Guaranteeing confidentiality and privacy will require intensive cooperation between NSOs, partnerships with policy makers, and strategic partnerships with data and technology providers and researchers. Together, we can pave the future pathway of advanced hybrid data collection. This discussion paper describes strategic assignments for NSOs (§2), relevant trends that are changing the nature of data collection (§3), challenges and constraints regarding data capture (§4), and an envisioned outline of future data collection (§5). The paper concludes with a call to action (§6).
2.Strategic assignments for national statistical offices
Currently, the mission of NSOs is to provide end users with trusted official statistics that they can use to understand, monitor and manage the economy and society. The majority of these official statistics are based on a mandatory program consisting of a set of consensus indicators that describe economic, social and demographic phenomena. However, this mission is bound to change to create more added value to society.
The value of an NSO lies in its ability to reliably deliver a broad range of fit-for-purpose statistics that correspond to user needs, with an acceptable degree of accuracy and in a sufficiently timely fashion . This information is vital not only for policy makers, but also for effective decision making in the private sector and opinion forming in society. Moreover, for media and the public, access to reliable, relevant, accurate and timely statistics is necessary for holding decision makers accountable. However, it is becoming evident that these phenomena are often so complex that using a single indicator or a limited set of indicators does not provide enough information or accurate information for this purpose. No single set of statistics is likely to cover all purposes; different users have different needs. Delivering these sets of consensus indicators to users as periodic publications that are released at fixed times also does not meet the criterion of “information upon request, when needed.”
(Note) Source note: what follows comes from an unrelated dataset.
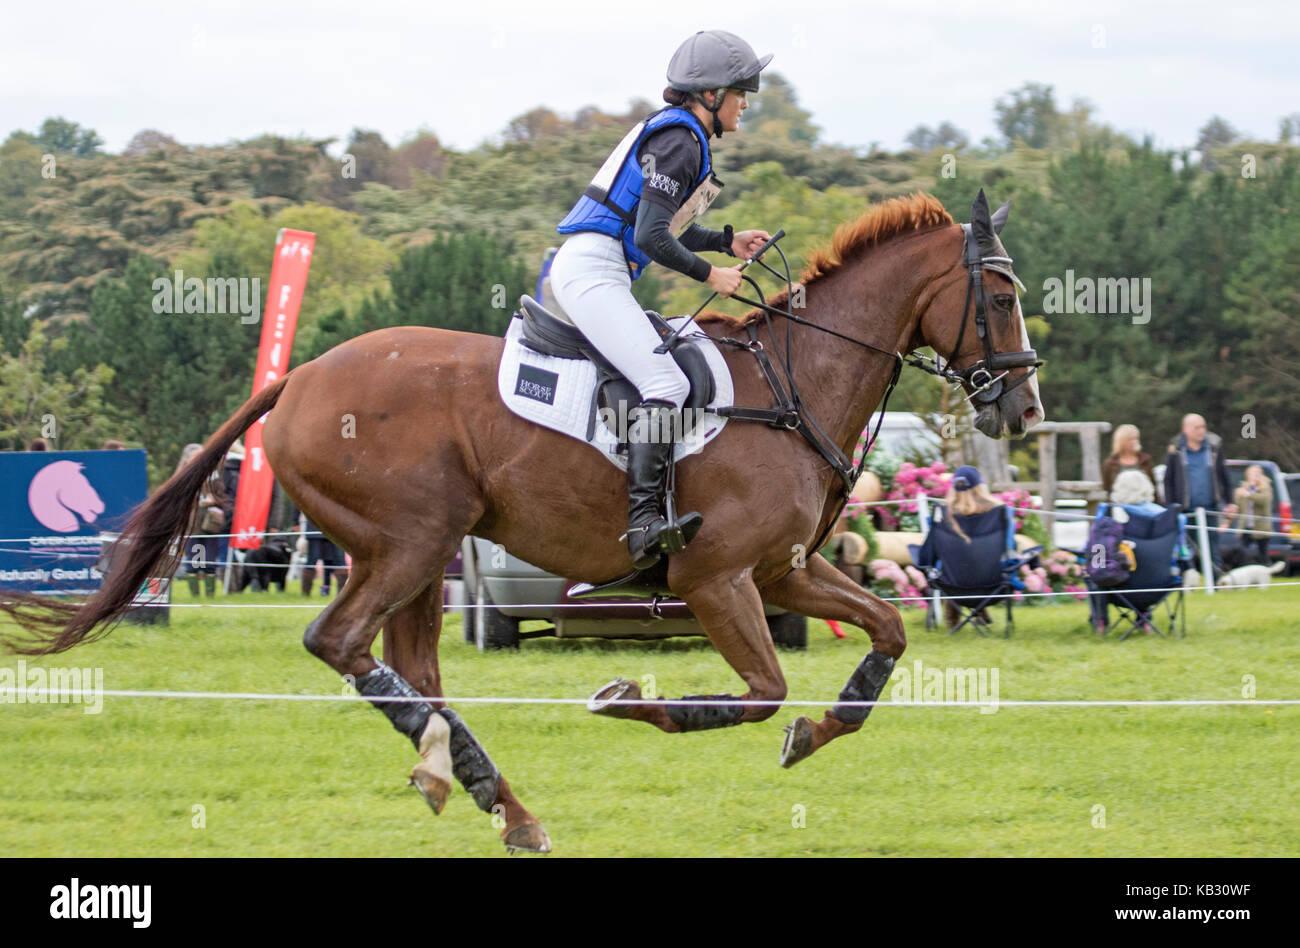 Lucienne Elms on MISTRALOU, SsangYong Blenheim Palace International Horse Trials 16th September 2017 - Stock Image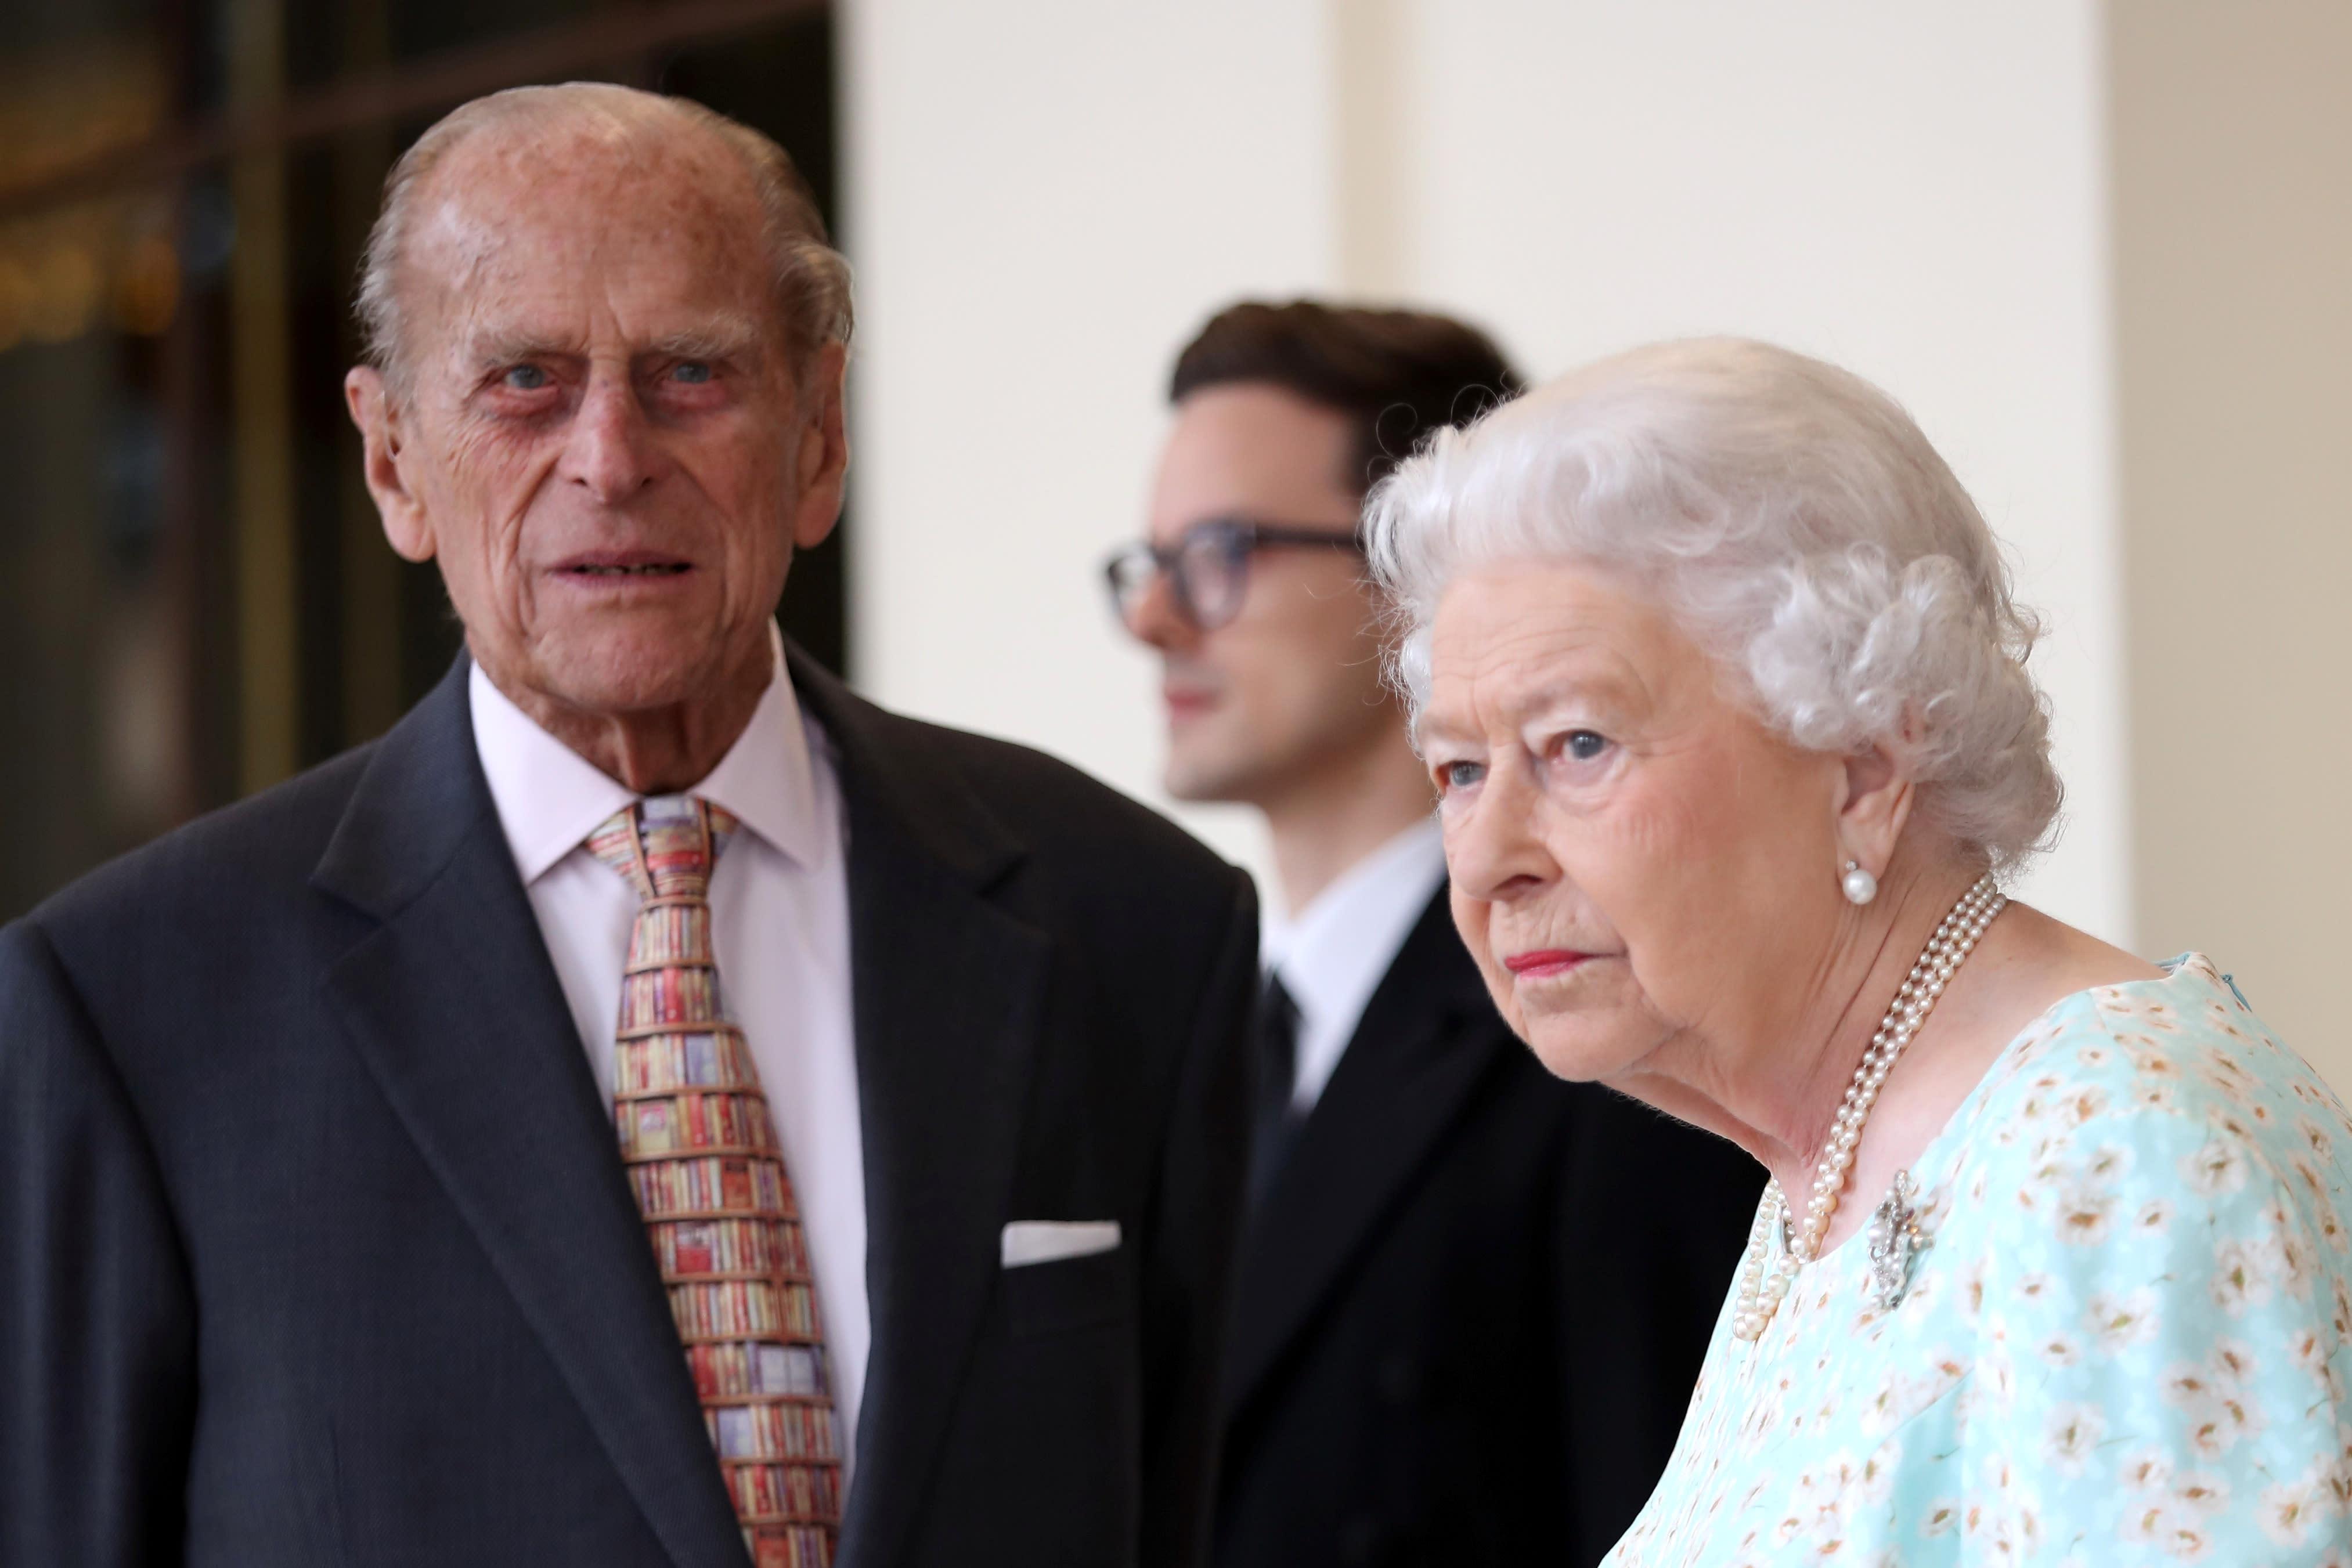 Britain's Queen Elizabeth II and Prince Philip, Duke of Edinburgh bid farewell to Spain's King Felipe and Queen Letizia at Buckingham Palace in London, Britain July 14, 2017. REUTERS/Chris Jackson/Pool

To become more valuable to society, NSOs must be able to answer society’s statistical questions without compromising their independence, transparency and freedom to determine the scientific methods used. The conclusion is clear: being user centric and demand driven must be a critical transformation pillar for NSOs.
2.2Evidence-based policy making
Policy makers are becoming more and more aware that the availability of an increasing amount of data offers huge possibilities for evidence-based policy making. At the same time, it is clear that the current set of consensus indicators that NSOs are producing within their mandatory statistical programs generally does not suffice. Policy makers need access to more timely data products, indicators and insights, and they are looking for actionable intelligence, i.e. high-content information that can be acted upon immediately. Official statistics are a means to that end.
This may raise questions about a possible key collective goal for NSOs: to develop and provide access to more self-serve tools with ready-to-consume “cleansed” data that NSOs have collected, curated, protected and certified, then make the data available at various levels of aggregation. Does this mean that NSOs must become more adept in data preparation? Are NSOs currently unable to be demand driven and user centric, and unable to support evidence-based policy making, because they take too long to conduct analyses and share analytical results and insights? The following paragraphs address several aspects of complexity related to the use of official statistics for evidence-based policy making and decision making.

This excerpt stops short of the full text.